The technology should find applications in a number of diagnostic and research areas for example cell cycle analysis, measurement of apoptosis and toxicity/viability assays. For example, experiments have shown differences in the electrical properties of lymphocytes and other cells exposed to various stimuli such as bacterial or viral products or mitogens, e.g. lipopolysaccharides. In general, the measured changes in membrane capacitance are accounted for differences in cell membrane structure caused by features such as micro-villi, folds and blebs account Huang et al. (1999) showed that mitogenic stimulation of human T-lymphocytes, using phytohemagglutinin (PHA) and interleukin-2 (IL-2), caused changes in the membrane dielectric properties that correlated with phase of the cell cycle. They showed that the membrane capacitance of cells increased by 30%, 48 h after stimulation. Wang et al. (2002) showed changes in the dielectric properties of HL-60 and Jurkat cells during apoptosis. In the HL-60 cells, the membrane capacitance fell by nearly 50% 4 h after treatment. There were significant changes in the membrane capacitance as early as 1 h after treatment. A range of other single-cell processes could also be probed by impedance spectroscopy, such as the effect of toxicants (Ratanachoo et al. 2002) and virus (Archer et al. 1999).

Although impedance measurements are label-free and can provide information on cell phenotype, they can never match the sensitivity and specificity afforded by the fluorescent antibody labelling techniques used in commercial flow cytometry. The wide spectral bandwidth available using optical techniques means that many different cell sub-types can be simultaneously analysed and identified. Electrical impedance cannot detect different antigen expressing cell sub-types with similar morphology. However, a method analogous to fluorescent antibody labelling has recently been demonstrated which allows the discrimination of antigenically specific WBCs (Holmes and Morgan 2010). This has been demonstrated through the impedance identification of lymphocyte sub-set, expressing the CD4 surface protein. A suspension of WBCs was complexed with micron-sized polymer beads that had been coated in an antibody that specifically recognises the CD4 antigen.
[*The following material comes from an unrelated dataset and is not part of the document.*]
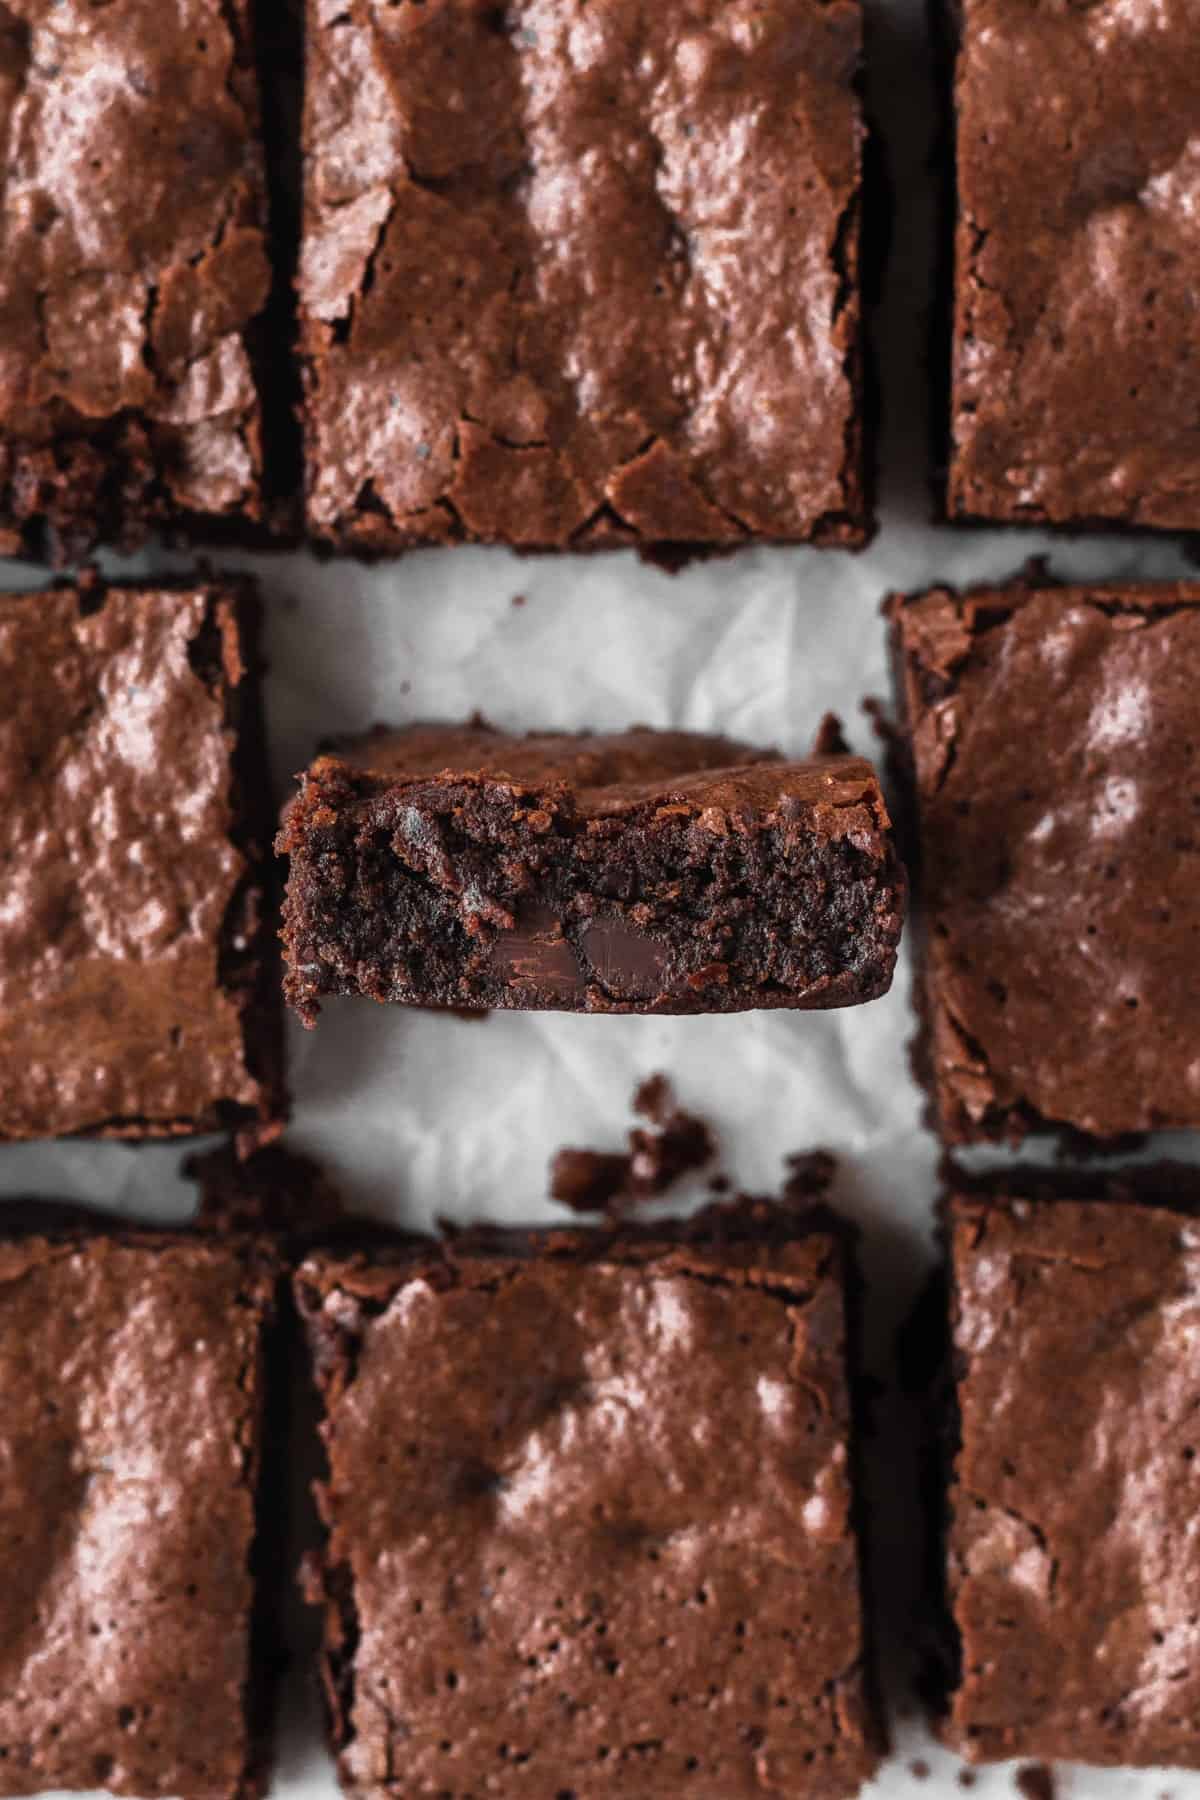 Gluten-free brownies cut into squares with the middle one turned onto its side edge to show the texture.

The beads bind to the CD4 expressing cells (and to a lesser extent the monocytes; the populations can be easily discriminated from due to their larger size of the later) and in doing so change the impedance properties of these cells. This experiment demonstrates that it is possible to use “electrical labels” to selectively alter the impedance properties of certain cell sub-populations, and provides a route to the use of labels for further discrimination of cells. Although this is a promising method for identifying cells expressing one unique antigen marker, impedance measurements cannot provide the wide spectrum offered by optical fluorescent labels. High-throughput microfluidic single-cell impedance metrology is an important area that will continue to develop. This will be facilitated by technologies that enable faster sampling and extension of the frequency window, both at the low and high ends. Further innovations are required; including novel methods that enable further differentiation of subtle changes in cell morphology that could lead to further non-invasive analysis of cell parameters, including cell cycle and apoptotic events.